Lesson 4: Monte Carlo CFR (MCCFR)
Module/Source: Lanctot et al. (2009) "Monte Carlo Sampling for Regret Minimization in Extensive Games" (NeurIPS 2009) — the paper that introduced and analyzed outcome sampling and external sampling MCCFR. Gibson et al. (2012) "Generalized Sampling and Variance in Counterfactual Regret Minimization" for variance analysis. Brown and Sandholm (2019) "Solving Imperfect-Information Games via Discounted Regret Minimization" for discounted and linear CFR variants. Background on importance sampling: Monte Carlo Statistical Methods (Robert and Casella, 2004). Game theory foundations: Osborne (2004) Chapters 6–7; Zinkevich et al. (2007).
Where this fits
Vanilla CFR (lesson 3) is correct but slow: every iteration traverses the entire game tree. For games beyond a certain size, this is hopeless. MCCFR replaces the full tree traversal with a sampled traversal, just like Monte Carlo (Module 1, lesson 3) replaces an intractable expectation with a sample-based estimate. The trade-off is the same: noisier per-iteration updates, but many more iterations are possible. MCCFR is the workhorse algorithm for medium-sized games and the foundation of deep CFR (next lesson).
The bottleneck of vanilla CFR
For a game tree with N nodes, vanilla CFR does O(N) work per iteration. To converge to ε-Nash, it needs O(1/ε²) iterations. Total work: O(N/ε²).

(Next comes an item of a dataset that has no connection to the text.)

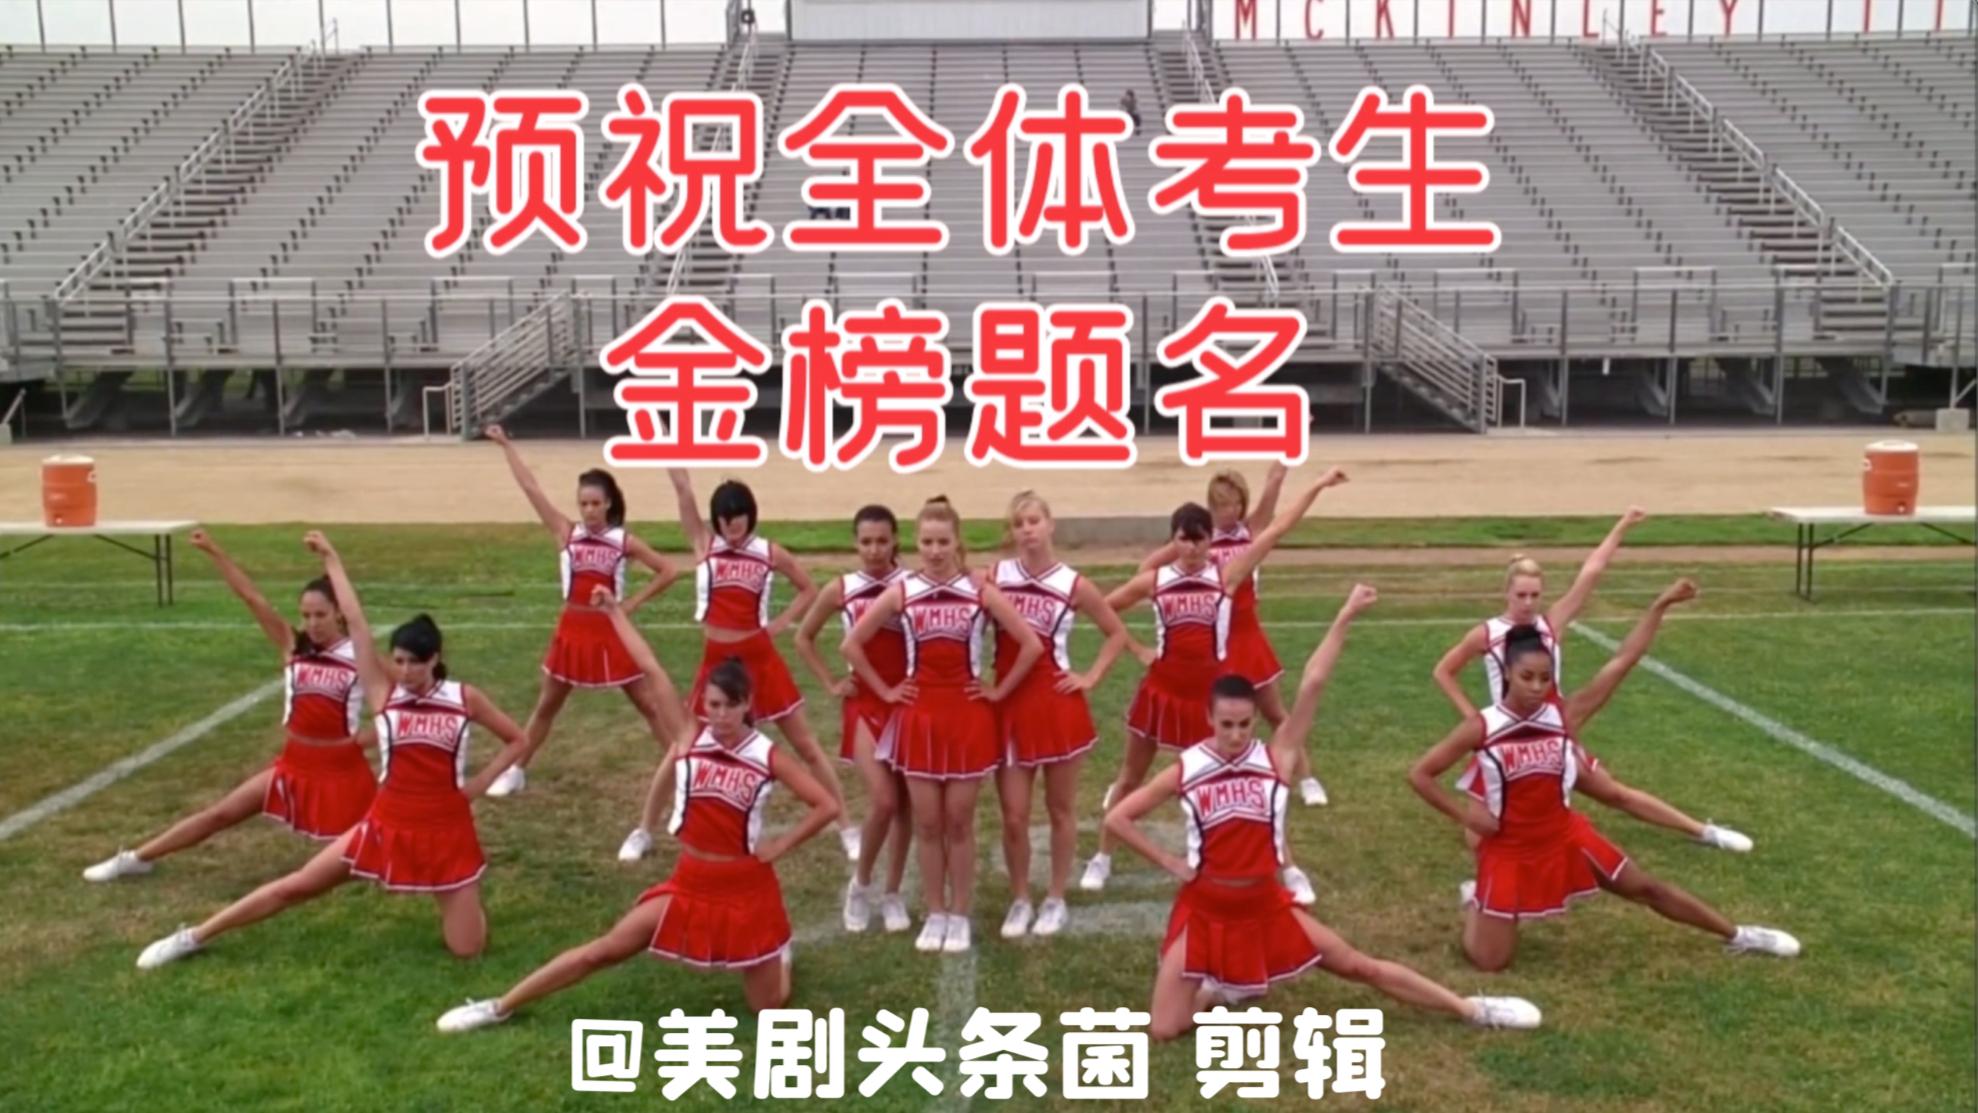 【踩点|混剪】美剧最强啦啦队,为高考应援!

Concrete numbers for poker:
- No-limit Hold'em: ~10^14 information sets
- One iteration: at least 10^14 operations
- For ε = 0.01: at least 10^14 × 10^4 = 10^18 operations total
This is infeasible. MCCFR aims to dramatically reduce per-iteration cost by sampling, accepting higher per-iteration variance in exchange.
The two main MCCFR variants
Outcome sampling
In outcome sampling, each iteration samples one complete trajectory (root to terminal) and updates regrets only along that trajectory. At each chance node, sample one outcome from the chance distribution. At each player decision, sample one action from the player's current strategy.
Per-iteration cost: O(D) where D is game depth (typically much less than N, the total tree size).
The variance is high because each iteration only updates one trajectory's worth of information sets. But you can run many more iterations per unit of compute.
External sampling
In external sampling (the most popular MCCFR variant), at each iteration:
- For one player (the "traverser"), explore all of their actions at every information set
- For the other player and chance nodes, sample one action
This explores more of the tree than outcome sampling but less than vanilla CFR. The per-iteration cost is intermediate.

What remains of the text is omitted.